Sir,

Further to the case described by Pinto and Merlino1 in their recent correspondence, we report our experience of an outbreak of CO2-dependent methicillin-resistant Staphylococcus aureus (MRSA) on a UK regional liver transplant unit (RLU). Six patients and one staff member were infected or colonized with a strain of MRSA, which would not have been reliably detected by routine screening methods. The laboratory characteristics of this strain, infection control strategies and the implications for screening are discussed.

In early 2008, a liver transplant recipient was screened for MRSA on admission to the critical care unit from the RLU. Small poorly growing green colonies were isolated from a nasal swab on a chromogenic MRSA identification medium (chromID MRSA; bioMérieux) after aerobic incubation for 24 h. The colonies were slide-coagulase positive (Slidex Staph-Plus reagent; bioMérieux). The strain repeatedly failed to grow after 24 and 48 h of aerobic incubation on Iso-Sensitest agar (IST; Oxoid) or Columbia agar supplemented with 5% horse blood (BA; Oxoid). When subcultured onto BA and incubated overnight at 37°C in air plus 5% CO2, however, a heavy growth of an isolate with typical S. aureus colony morphology was observed. Susceptibility testing performed on IST according to BSAC guidelines,2 but in CO2-enriched atmospheric conditions (5% CO2), confirmed resistance to cefoxitin, erythromycin, clindamycin, moxifloxacin and trimethoprim.

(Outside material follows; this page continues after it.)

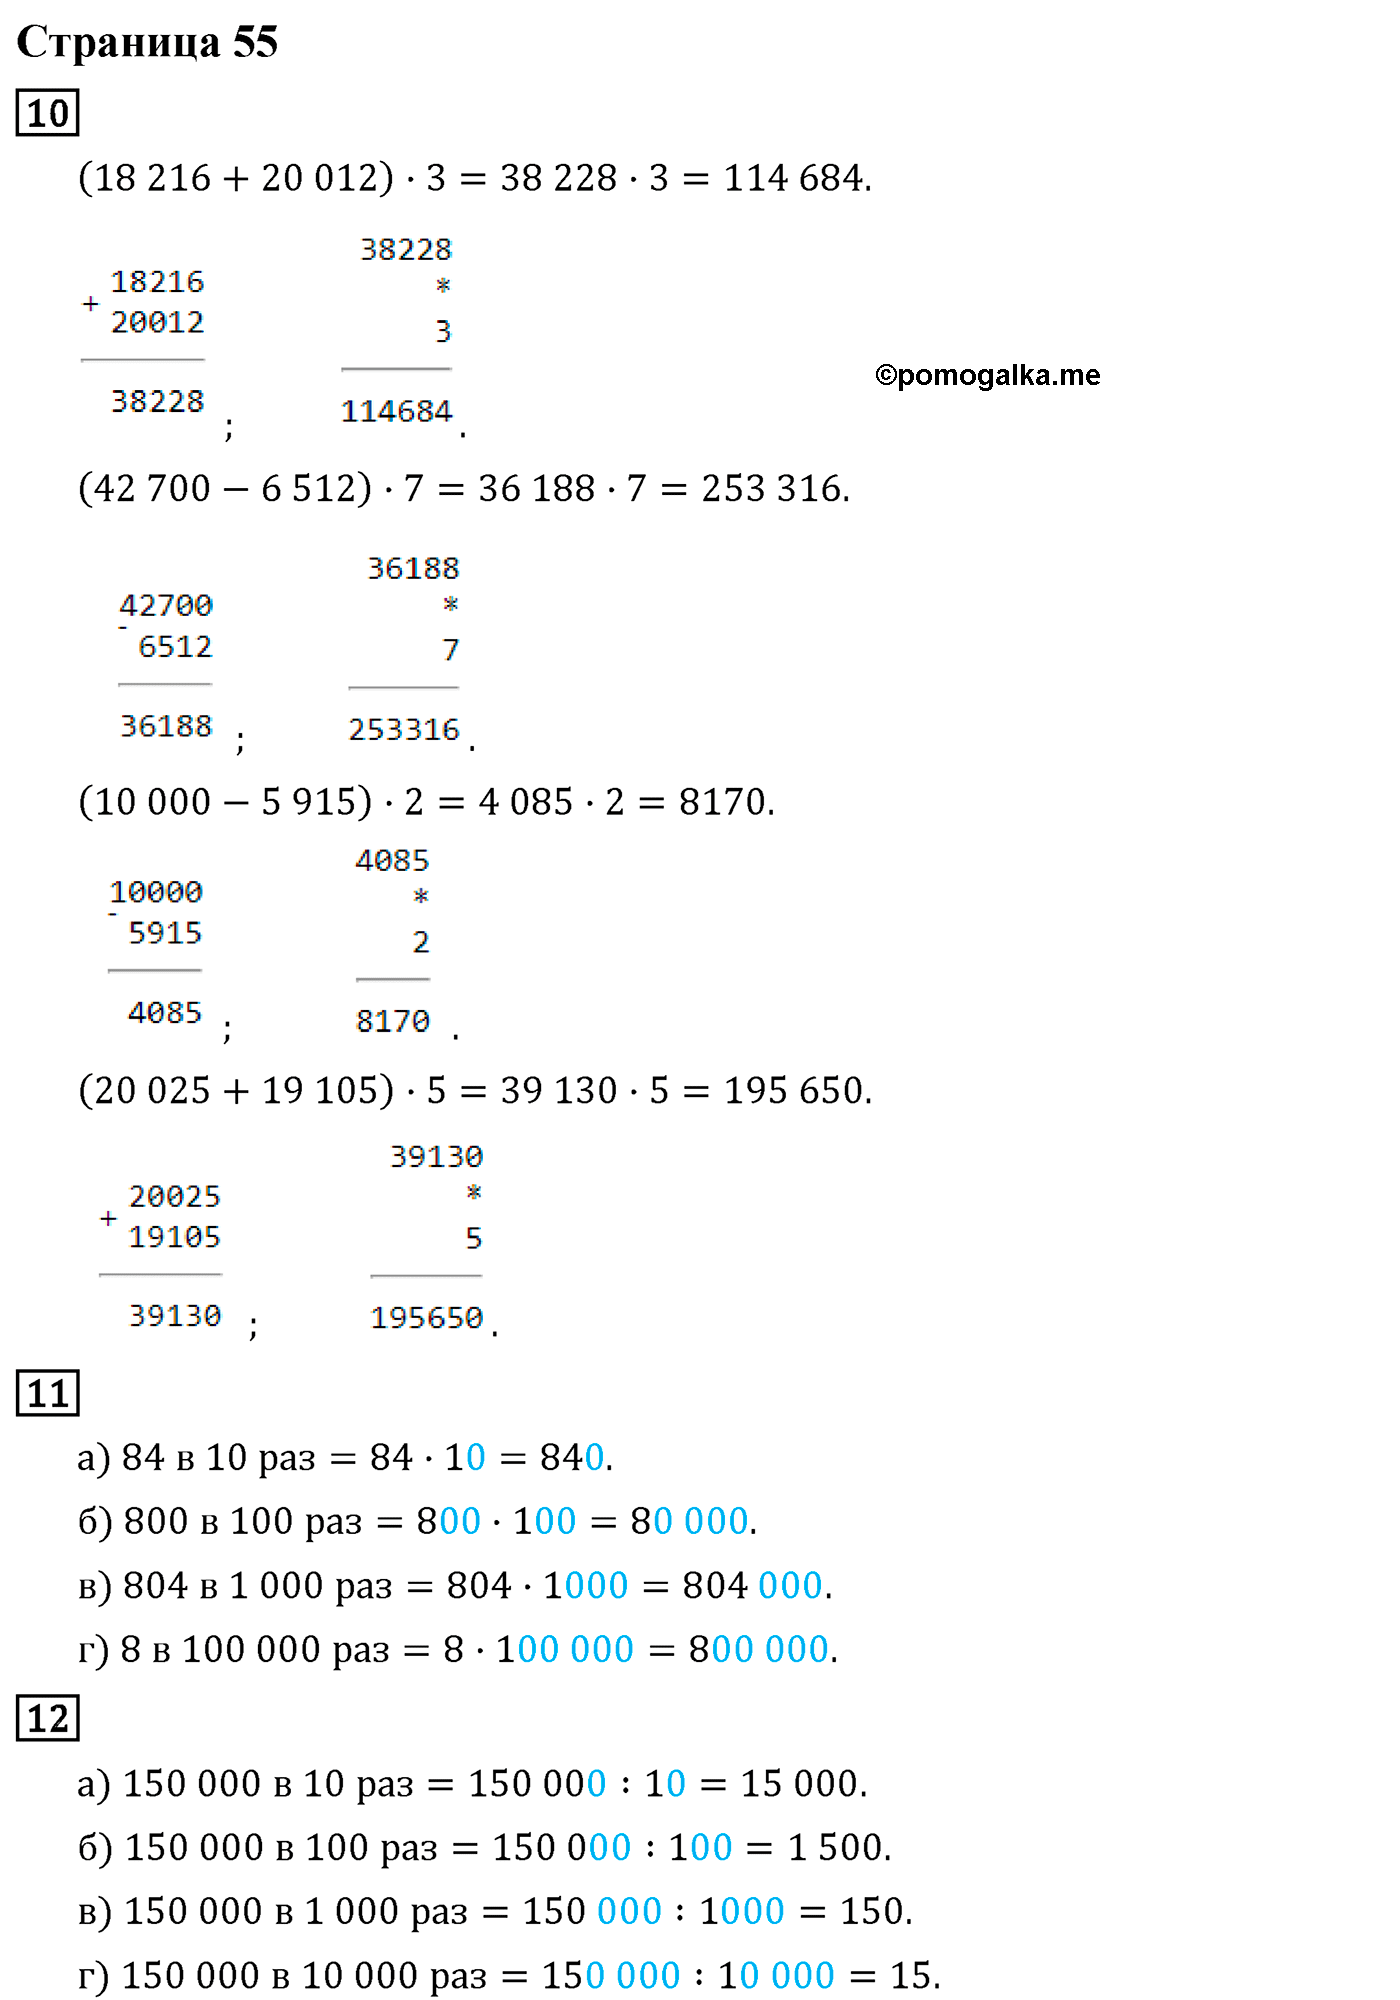 Страница №55 Часть 2 математика 4 класс Дорофеев

A possible outbreak was suspected as the microbiologist and infection prevention and control team were aware of another liver transplant recipient on the RLU who was found, 3 weeks earlier, to be colonized with a strain of MRSA that grew much better in 5% CO2 than aerobically. This index case was a male patient in his 60s, 5 months into an admission for decompensated alcohol-related liver disease. MRSA was not detected from his routine admission screening swabs. Following an orthotopic liver transplant his post-operative course was complicated by acute rejection, hospital-acquired pneumonia and Clostridium difficile-associated diarrhoea. The following month he suffered an acute clinical deterioration and underwent an exploratory laparotomy. MRSA, as described above, was isolated from enrichment culture of intra-abdominal tissue. Repeat superficial swabs from this patient were incubated in CO2-enriched atmospheric conditions, demonstrating carriage of the organism at multiple clinical sites. Despite topical decolonization attempts, throat and perineum swabs remained positive at discharge and also at follow-up 4 weeks later.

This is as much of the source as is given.